Happy that this paper finally made it to arxiv. The biggest reason for writing it was to try and showcase some of the breadth of applications we see for really high quality first class AD support at the language level. There are several communities that need this technology, so it makes sense to try and build one system that can address all of them and share tricks. I'm also hoping this gives people a sense of why our list of feature requirements for this system is so extensive (pervasive custom gradients, higher order AD, mixed mode, ultra fast scalar AD, etc). These days AD is often discussed only in the context of deep learning, but as the frontiers of deep learning are pushed and hybrid models become more and more popular, I'm expecting our focus on generality to pay off here.

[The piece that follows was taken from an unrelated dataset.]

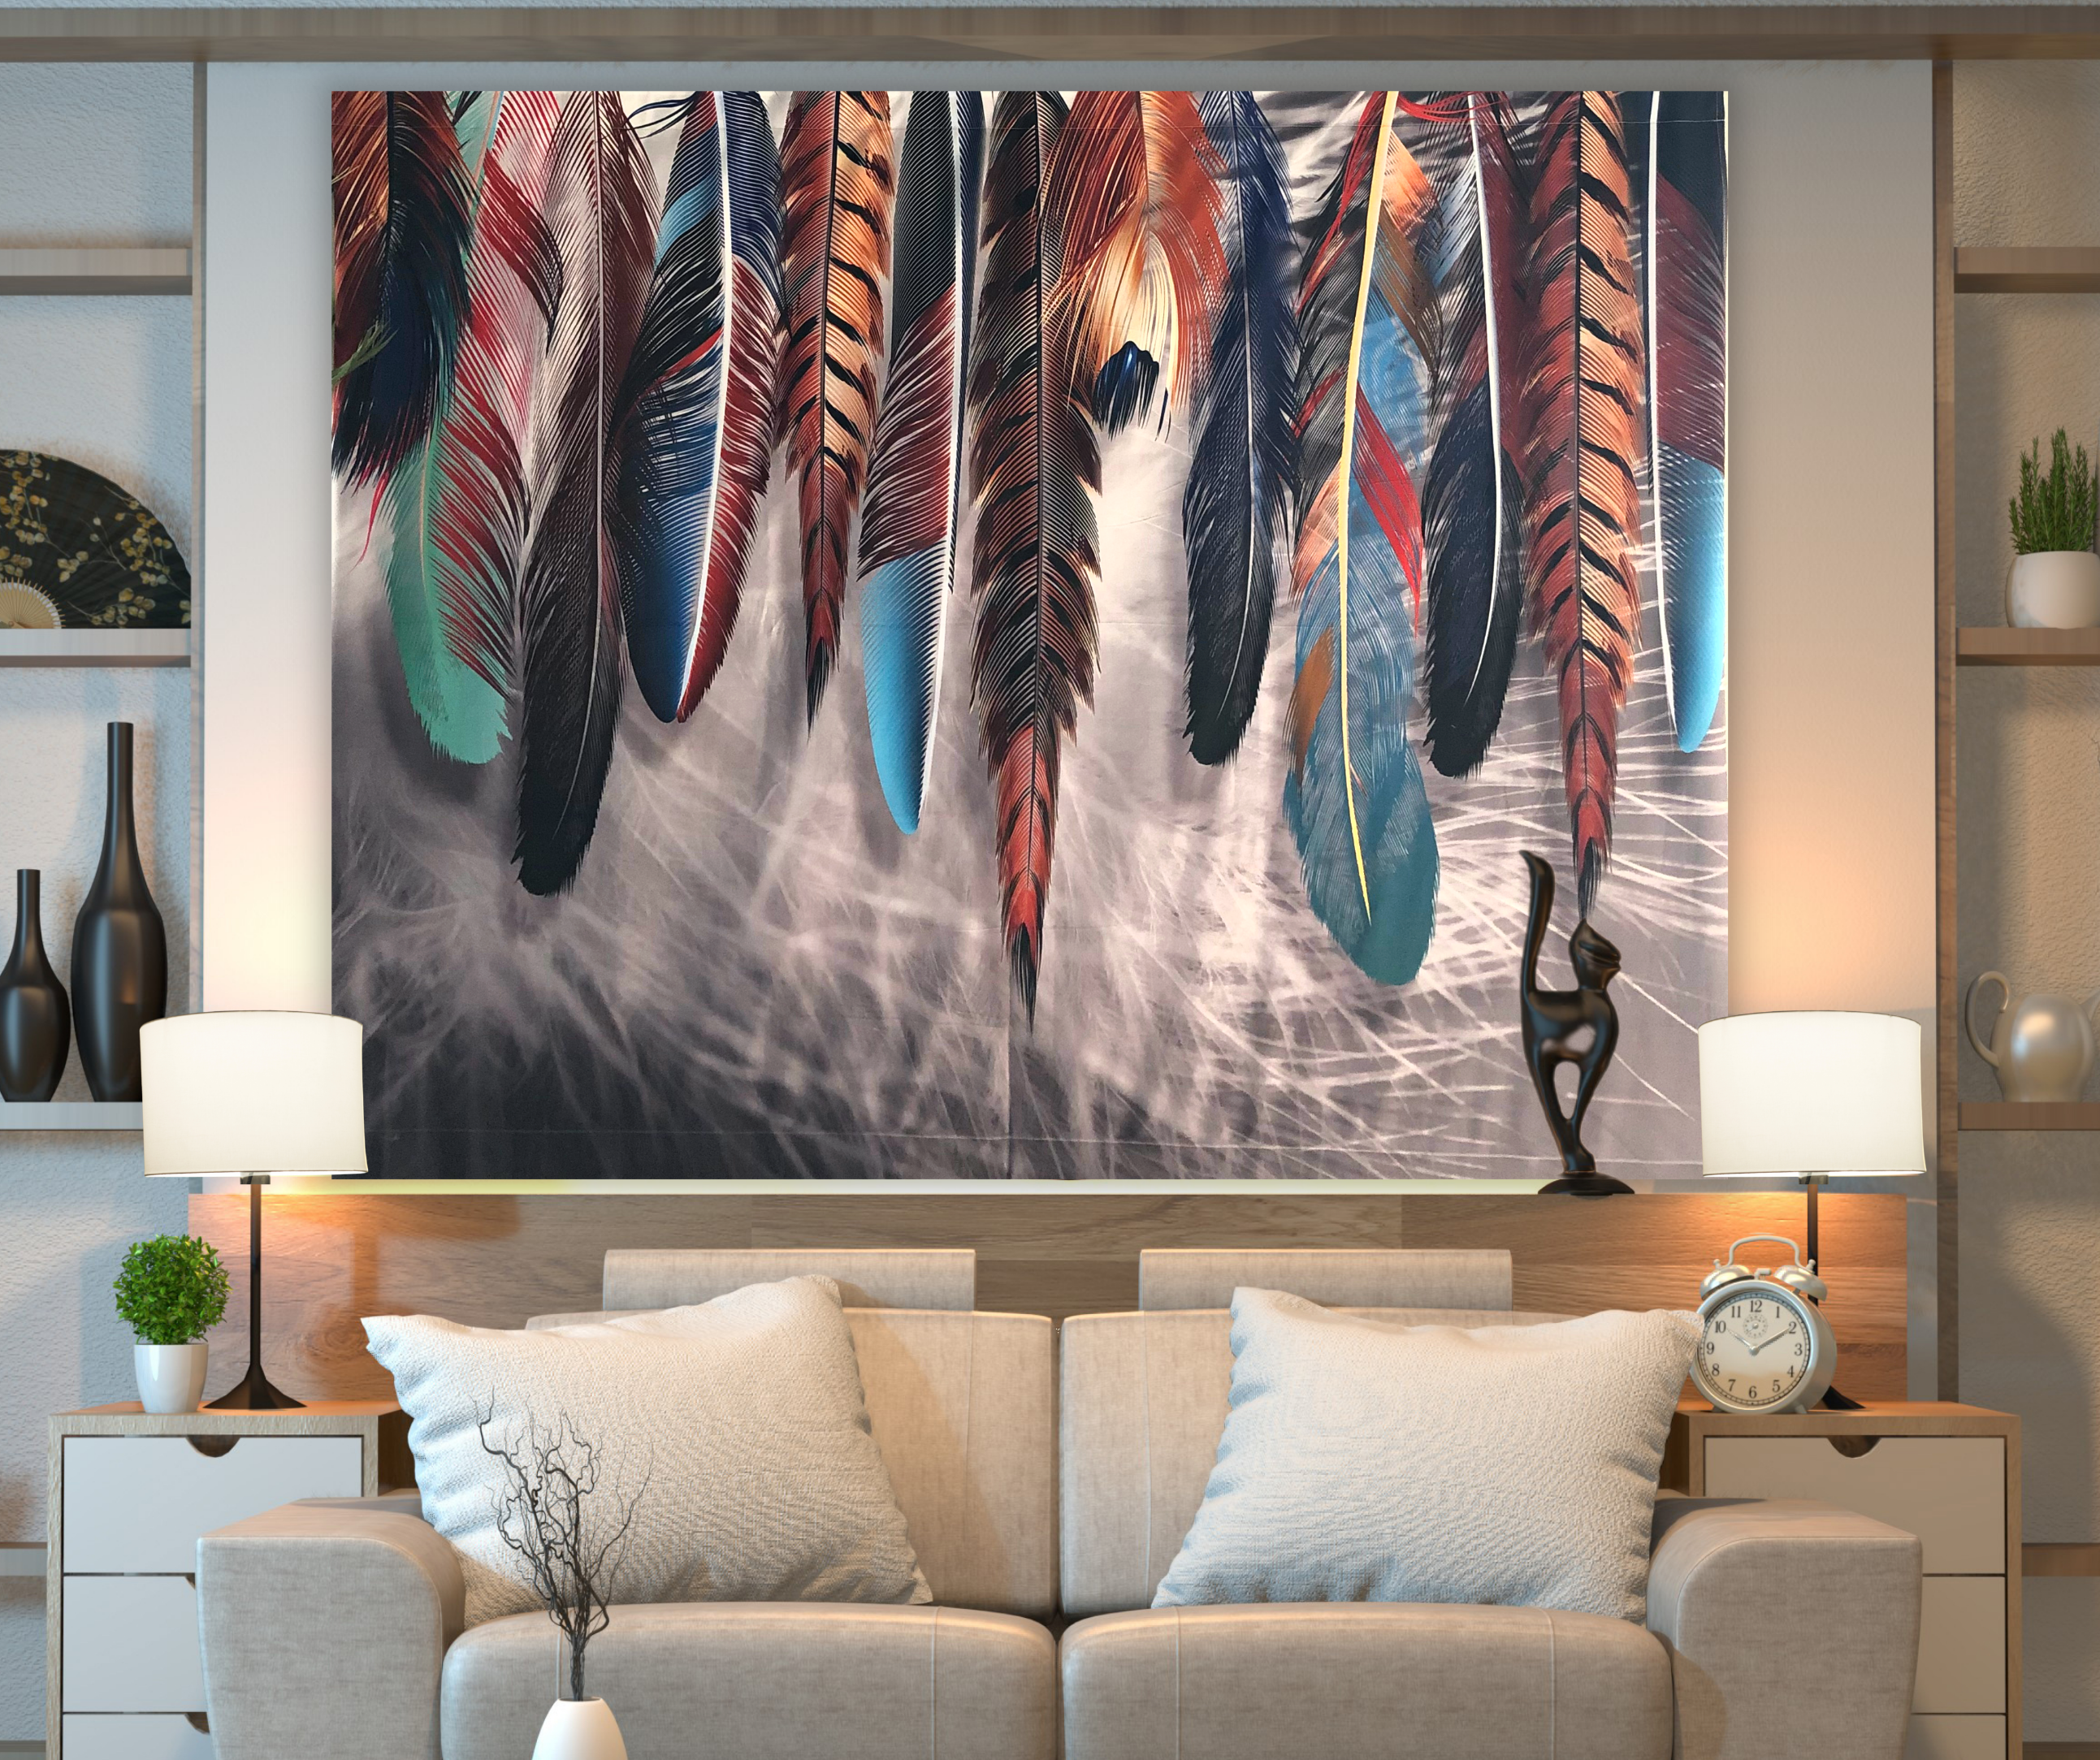 KaiSha LED Tapestry Wall Hanging; Modern Abstract Boho Art Bohemian Dream Catcher

Keno: first of all, let me give a big public thank you to you and your colleagues. (For those here who don't know, Keno is listed as one of the authors of the paper, and works closely with Mike Innes, lead author and also lead developer of Zygote. Mike is also an active member of HN.)
Second, let me bring up what I think is a significant issue. My perception is that most deep learning researchers and practitioners -- that includes me -- tend to iterate very rapidly over new ideas. We want to test ideas in code as quickly as possible, and in practice we will not invest the time and effort necessary to figure out how to write cache-optimized kernels (e.g., for GPUs) every time we might need one. In fact, I'd say the default attitude is that it doesn't even make sense for us to use (what we perceive as slow) automated kernel-writing tools to search for and compile optimized kernels. In practice, it always seems faster and easier (from a developer-time standpoint) to write code that leverages existing, inflexible, prebuilt, handtuned kernels that have already proven to work well, are fast, and are already nicely integrated with frameworks like PyTorch and TensorFlow.

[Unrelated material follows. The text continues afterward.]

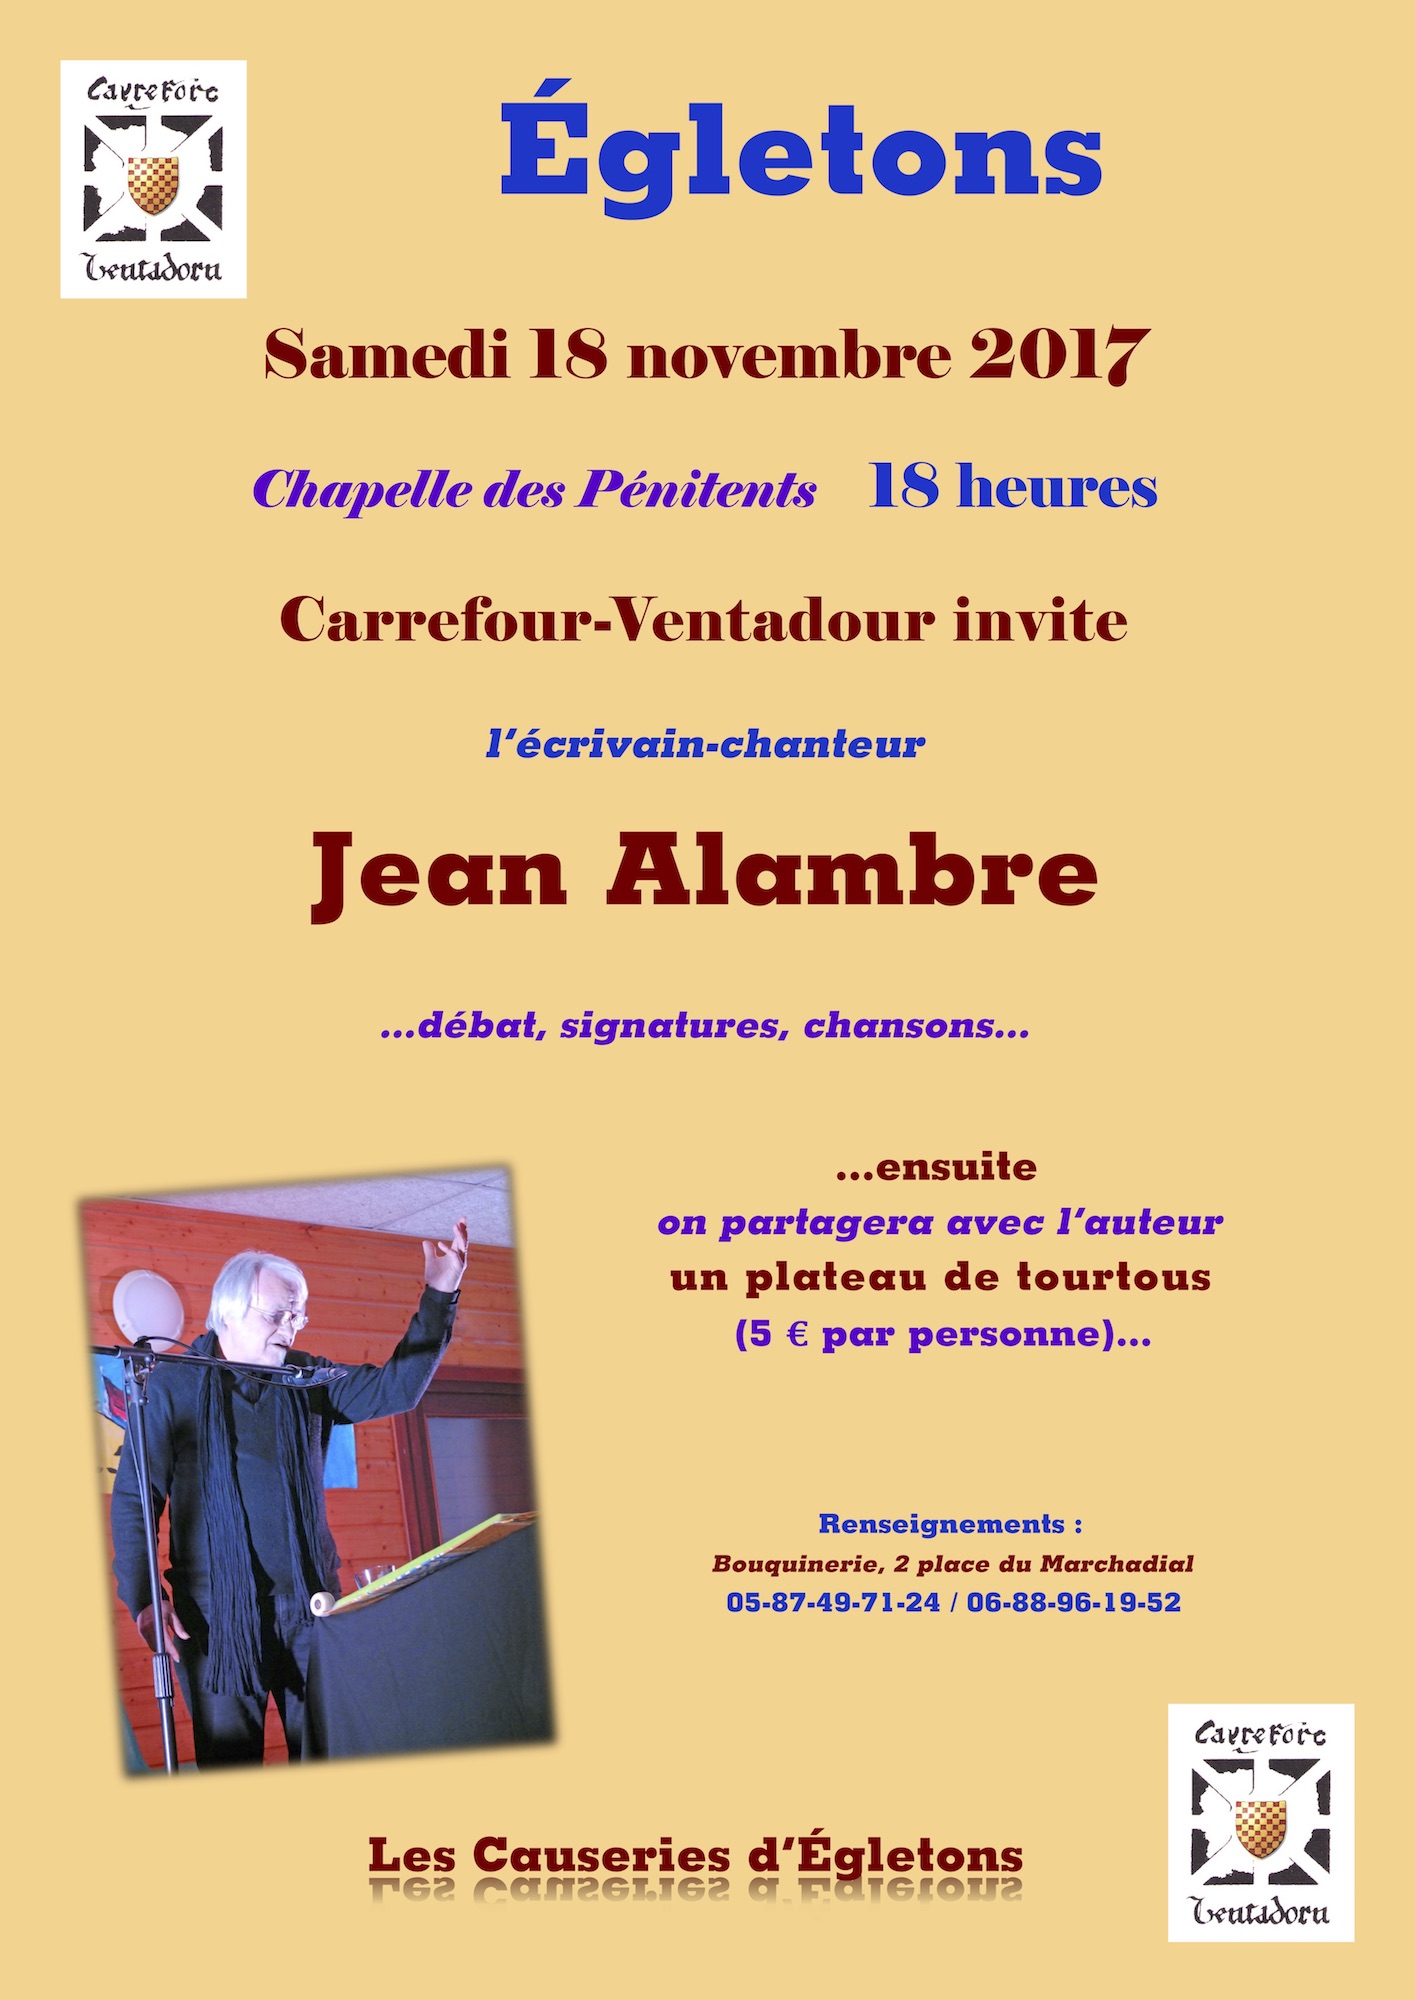 Les Causeries d’Egletons invitent Jean Alambre

There was a good discussion of this topic in the forums a few weeks ago[a] in response to a recent paper published by some folks at Google in which they make a compelling case that this issue is holding back AI research.[b] As an example, they use capsule networks[c], the implementations of which have proven difficult to optimize (e.g., they copy a lot more data around than is strictly necessary, in order to slice and reshape data in a manner that is compatible with preexisting hardware-accelerator kernels).
What are your thoughts on this? Will Zygote provide any improvements or advantages on this front?
--
[a] https://news.ycombinator.com/item?id=20301619
[b] https://dl.acm.org/citation.cfm?id=3321441
[c] https://arxiv.org/abs/1710.09829
Zygote is an orthogonal piece of technology on this front and relies on a good optimizing compiler behind it to target actual hardware. Its focus is primarily on expressability. We've been talking about automatic kernel generation for a while (and when I saw kernel generation what I mean is basically search for access patterns), but note that it's not quite as bad a problem in julia, because you can use higher order functions to get a lot of composability (e.g. if there's a hand-optimized parameterized matmul, fusing in inputs and outputs is just passing in extra functions). There's some academic work at the JuliaLab that's promising. We're also in discussions with commercial partners who care about this kind of thing to see if somebody is willing to fund it, but so far existing solutions have been good enough while we work on higher priority items. I do agree that being limited to a few hand-tuned kernels is a significant drag on research, so I hope we can do something here.
In terms of trying to break free of dependence on hand optimized kernels: a few people, myself included, have been working on some theoretical approaches to generating cache-efficient rearrangements for neutral net like problems. We've worked it out for convolution like problems [1] and have some upcoming results generalizing these techniques to other problems. Please feel free to email if you'd like to talk.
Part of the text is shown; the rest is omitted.